Required work. Set down exactly the lines running from the one with "Purdue University Hex" to the last line of the listing below, both included, and skip every picture.

Raw data.
╭──
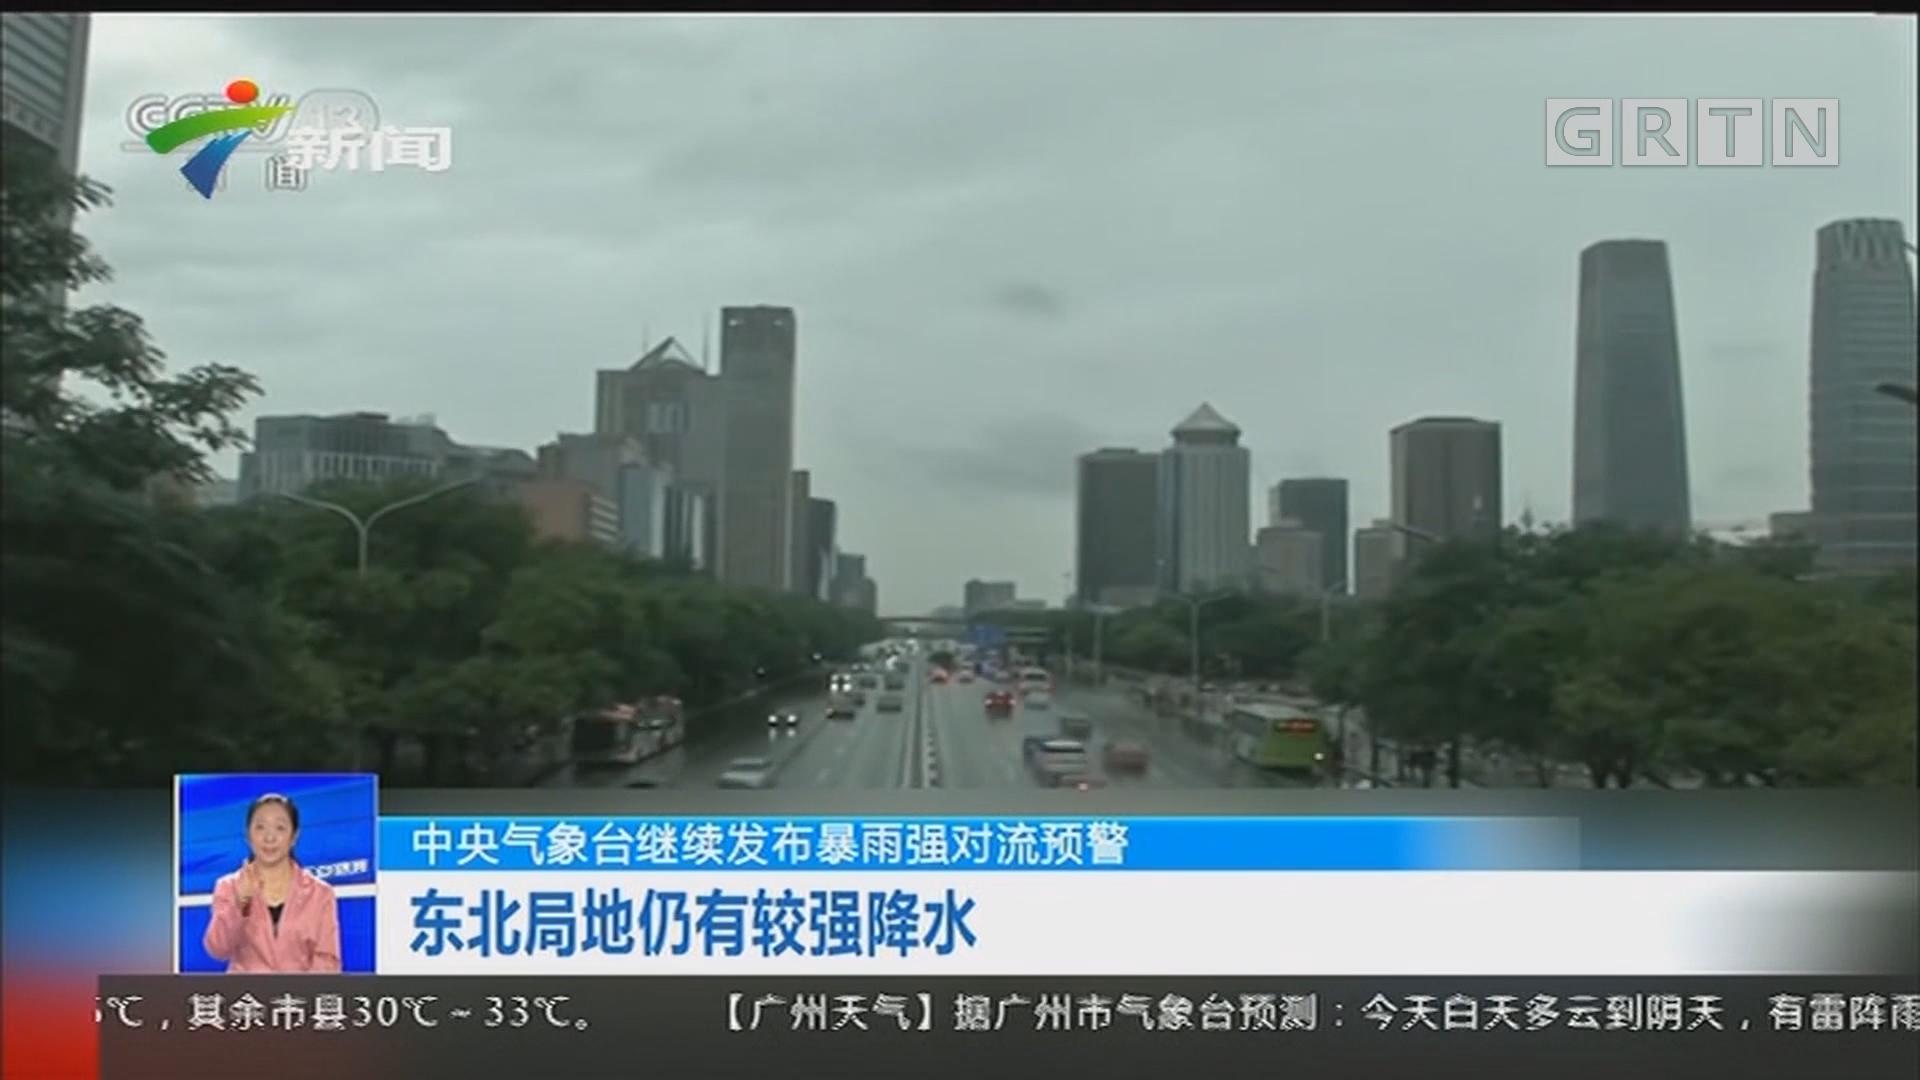 [HD][2019-07-30]正点播报:中央气象台继续发布暴雨强对流预警 东北局地仍有较强降水
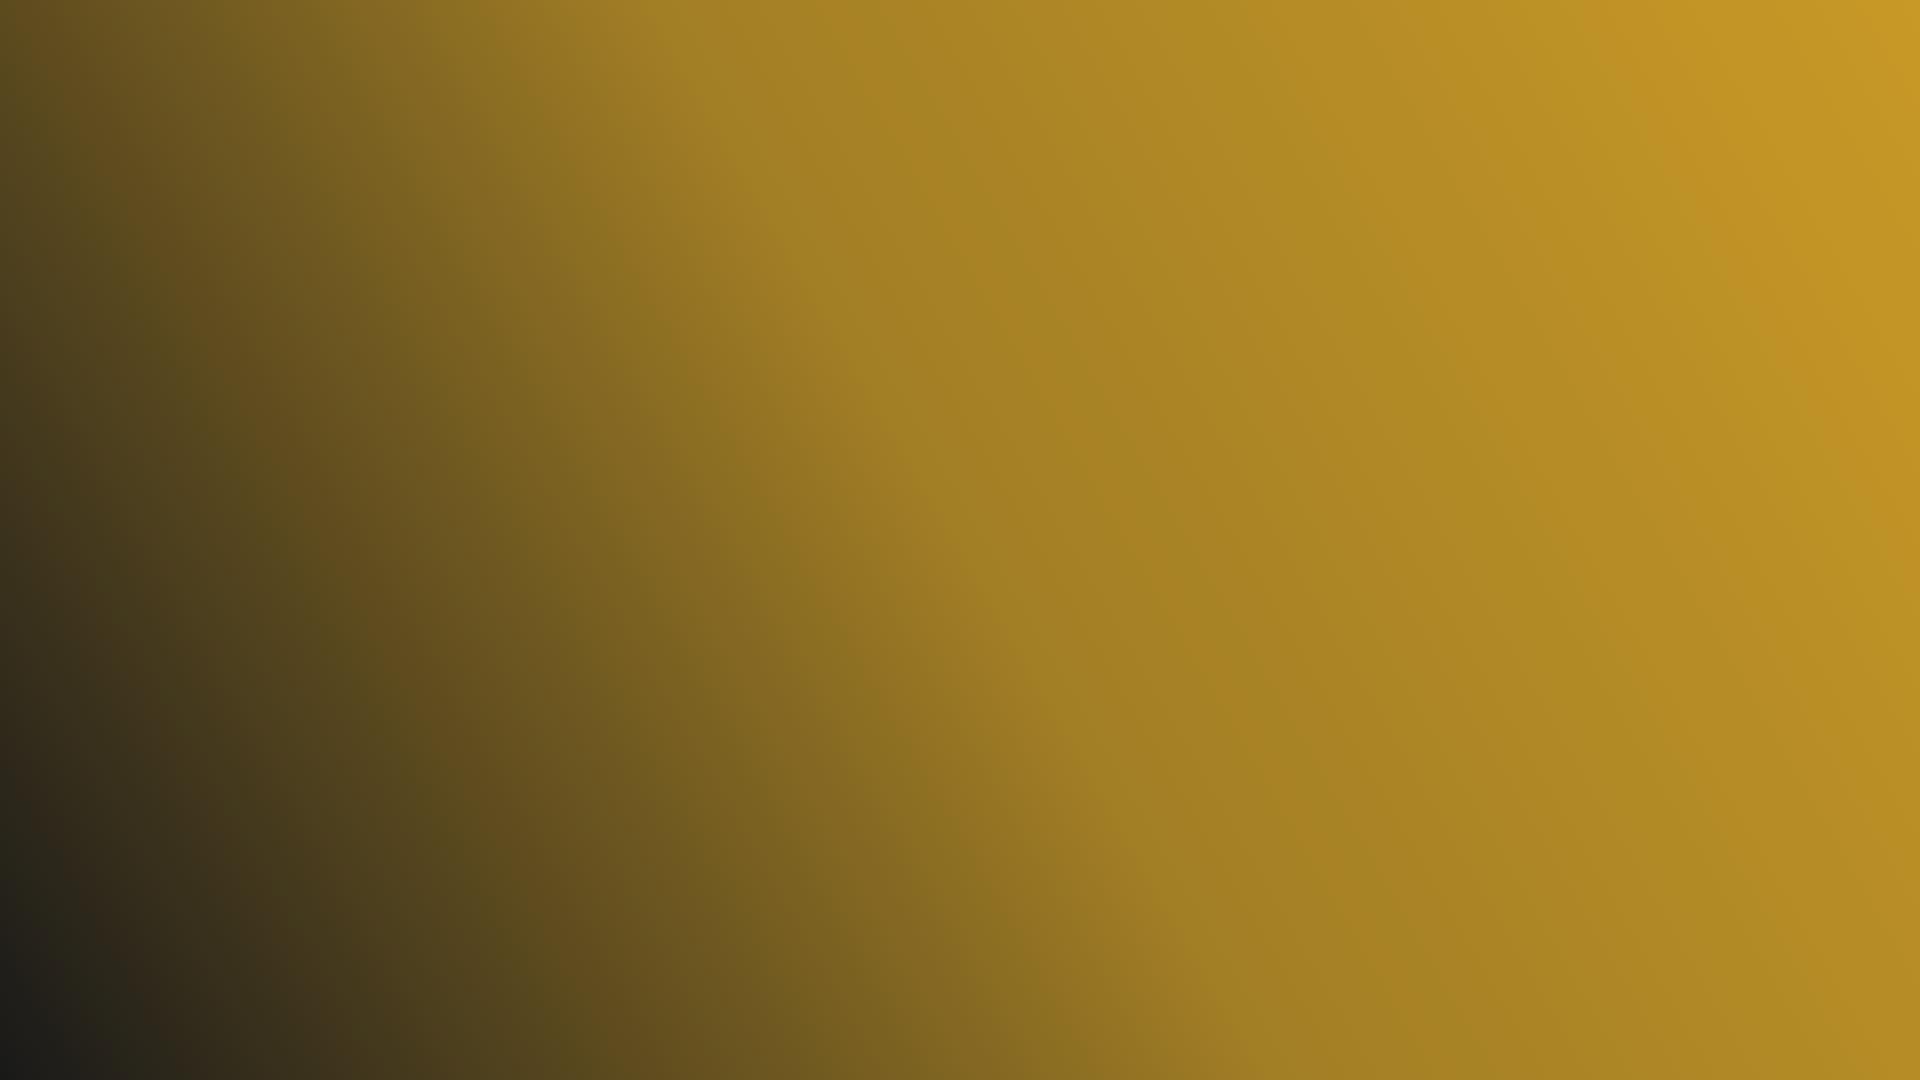 Purdue University Hex Colors CSS Gradient Brand Gradients 1920x1080
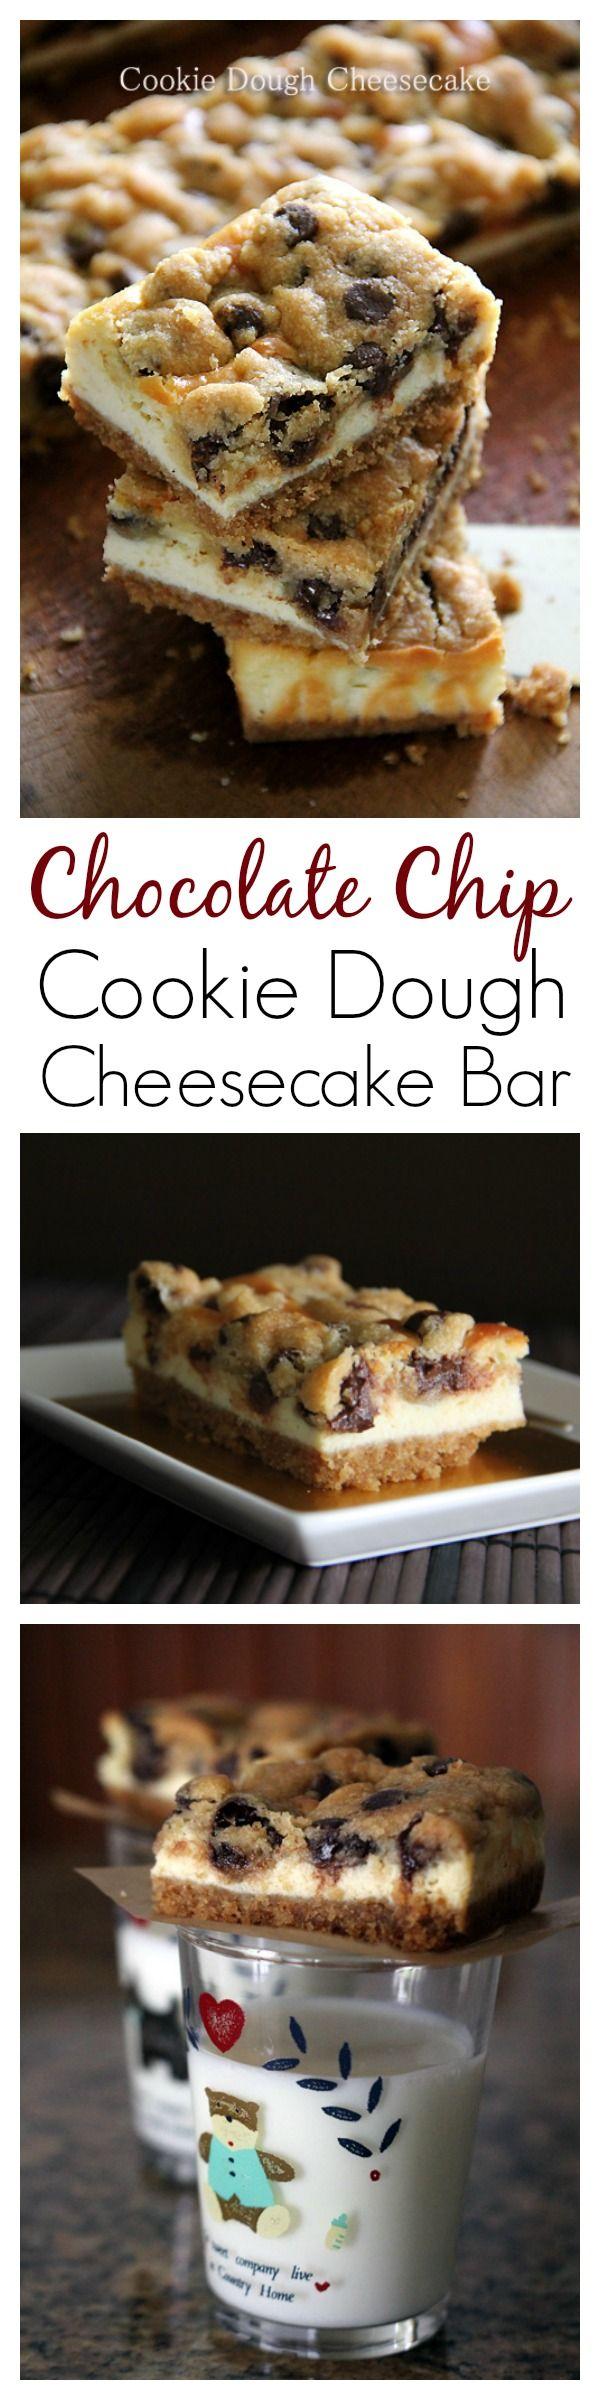 Chocolate Chip Cookie Dough Cheesecake Bar recipe, the BEST cheesecake bar EVER | rasamalaysia.com
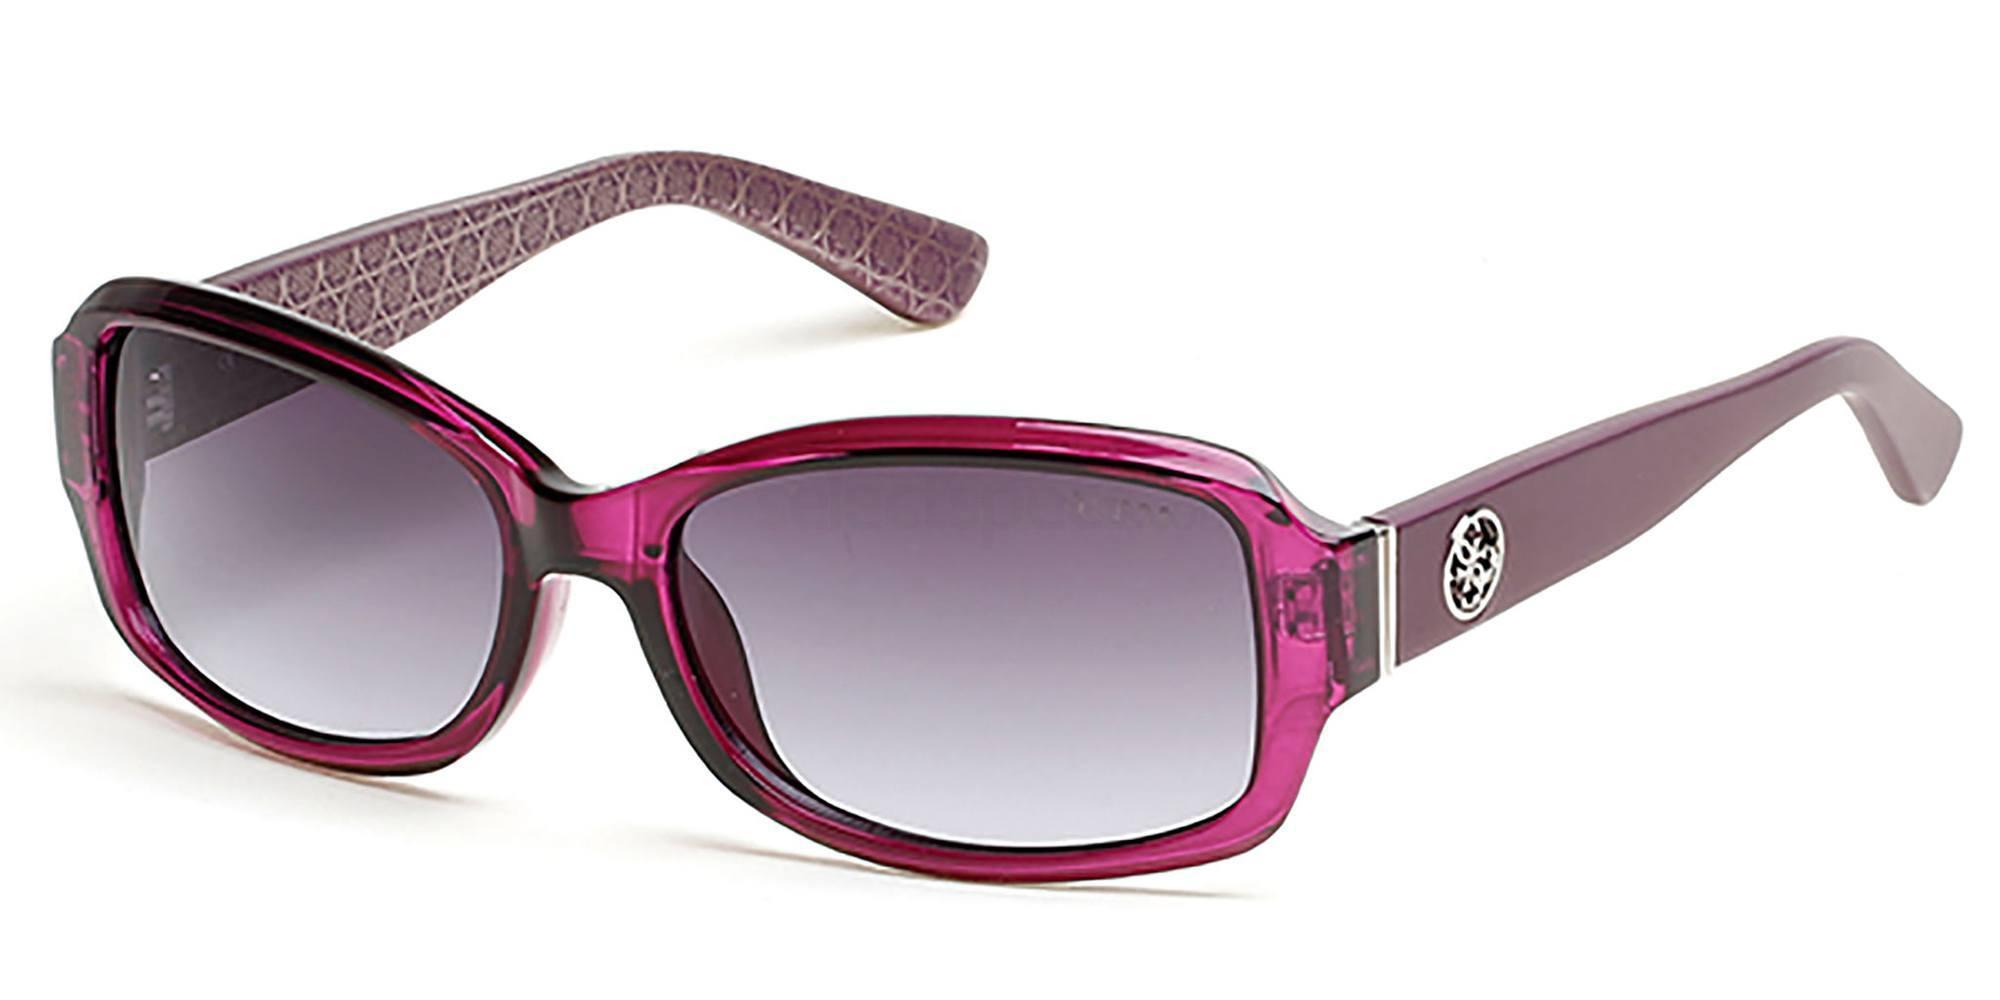 69B GU7410 Sunglasses, Guess
╰──
Output for this exercise.
 Purdue University Hex Colors CSS Gradient Brand Gradients 1920x1080
 Chocolate Chip Cookie Dough Cheesecake Bar recipe, the BEST cheesecake bar EVER | rasamalaysia.com
 69B GU7410 Sunglasses, Guess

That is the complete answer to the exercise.